For Qui and his lack of trust, I spent a LOT of time in the first month working on getting him to move away from pressure on the ground, getting him to stand still for a few minutes at a time, getting him to stop when I stopped, to back up nicely on command. All of this was very hard for him to understand. He wanted to run me over, he wanted to run away, rear up, leave ext. I put him on a lunge line, grabbed a set of sturdy gloves, and pushed off everything else on my calendar. I wasn't in a hurry, and he needed to know that. I've learned that if I don't have the time to do things correctly (and completely) I don't have the time to work with that horse for the day. If you only have 20 minutes for a ride, don't ride. Groom them, work on ground manners, work on relaxation on the ground, make it simple and easy, so you don't start something you can't finish. Nothing is worse than not having the time to fix a problem that arises once you've started.

After 2 weeks, I really felt like Qui was relaxing in our day to day ground work, so I tossed a saddle on him. I wasn't exactly nice about it, maybe a bit surprising, but wouldn't you know it he stood like a brick. I took the saddle off, praised him like we just ran around Rolex, and put him back out for the day. He was like, Really? That's It? That's all I have to do is be good and you're done?? You know who showed up at the gait the next day? Without me standing in the middle watching him make laps around me at Mach 5? Qui. And guess who walked in quietly and started to work?

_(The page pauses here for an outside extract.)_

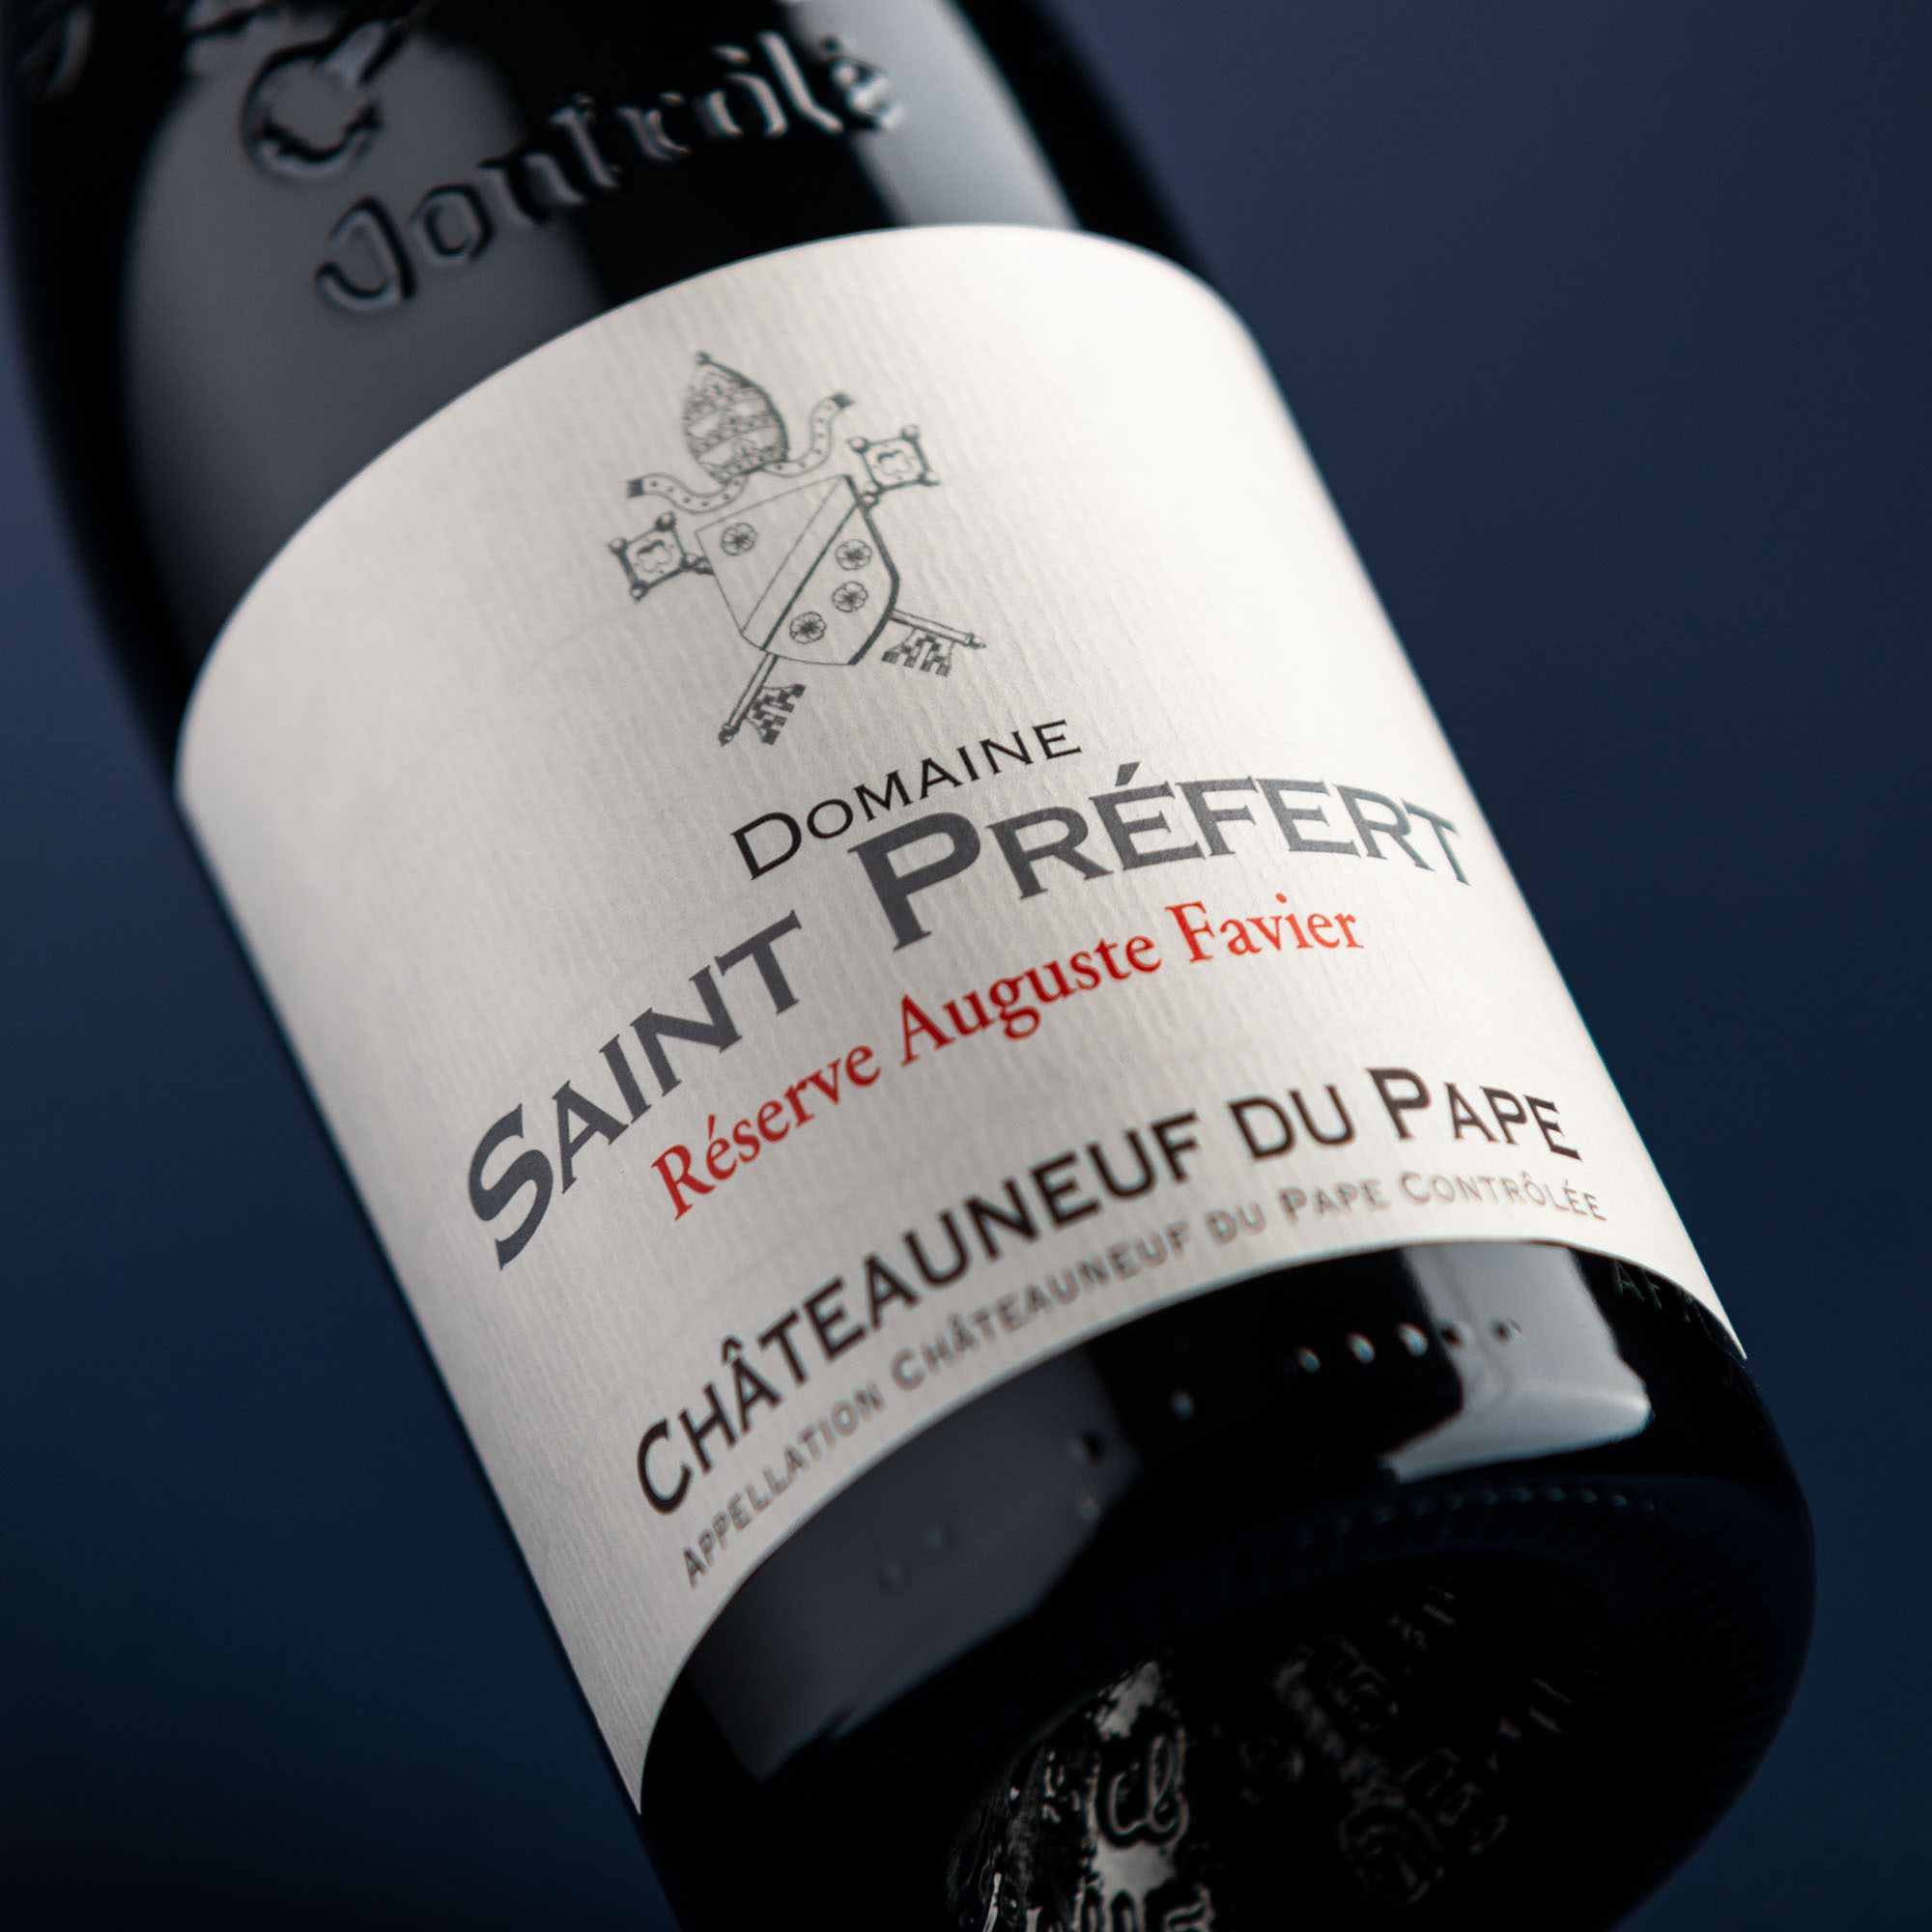 Saint Prefert

When we started working over poles, I started on the ground. Made it simple and easy to do the right thing. I made it hard for him to do the wrong thing. When he walked over it? He was THE best horse ever, and the issue was over and we moved on to something else. And then we went back to it again after a bit. I see some people represent over and over and over again right in a row, but to me this doesn't give your horse a chance to process that going over was the correct and easy answer. I did the same thing under saddle, walked him right up to it, let him stand in front of it for a minute, and then walk over. We did some dancing, and then a flying leap, but he went over like I asked. Try and  not let the horse walk past it or around it, as that's evasion of the question. Same thing with jumping. A run out is a rider error. A stop is a misunderstanding of the question. That we can fix. Once he quietly leaps over the pole, I make a big deal of him and go back to something that's easy for him, like a circle. Then after a few minutes, I re-approach the pole or jump. This time, it's a little less dramatic. Each time becomes less exciting, as he begins to trust I won't set him up for failure. Another big thing is make sure you are as out of the way as possible when working with a horse like this. If that means getting a belt or old stirrup leather as an "Emergency Grab Strap" do that. I jump my guys in a breast plate to make sure I have something to grab on to, and make sure that I don't fall onto their backs too soon on a big jump. Nothing hurts confidence more than grabbing their mouth to re balance your self. http://www.an-eventful-life.com.au/eventing-news/training-tips/neck-straps-are-not-just-beginners-says-william-fox-pitt If you don't trust me, trust WFP :) 

Slightly Over Dramatic

Nice and Relaxed, focus on the reward.

Much more relaxed.

With a horse like him, I also focus a lot on keeping it simple. Walk it until it's easy. Trot it until it's easy. Canter it until it's easy. Then add another element. Make sure at this stage that the exercise can always be broken down and simplified if they get nervous. 

Ok, enough from me for this week. Hope this helps for those working with horses lacking in confidence!!


Qui's first XC experience! Great to see our little Lion man out running and jumping!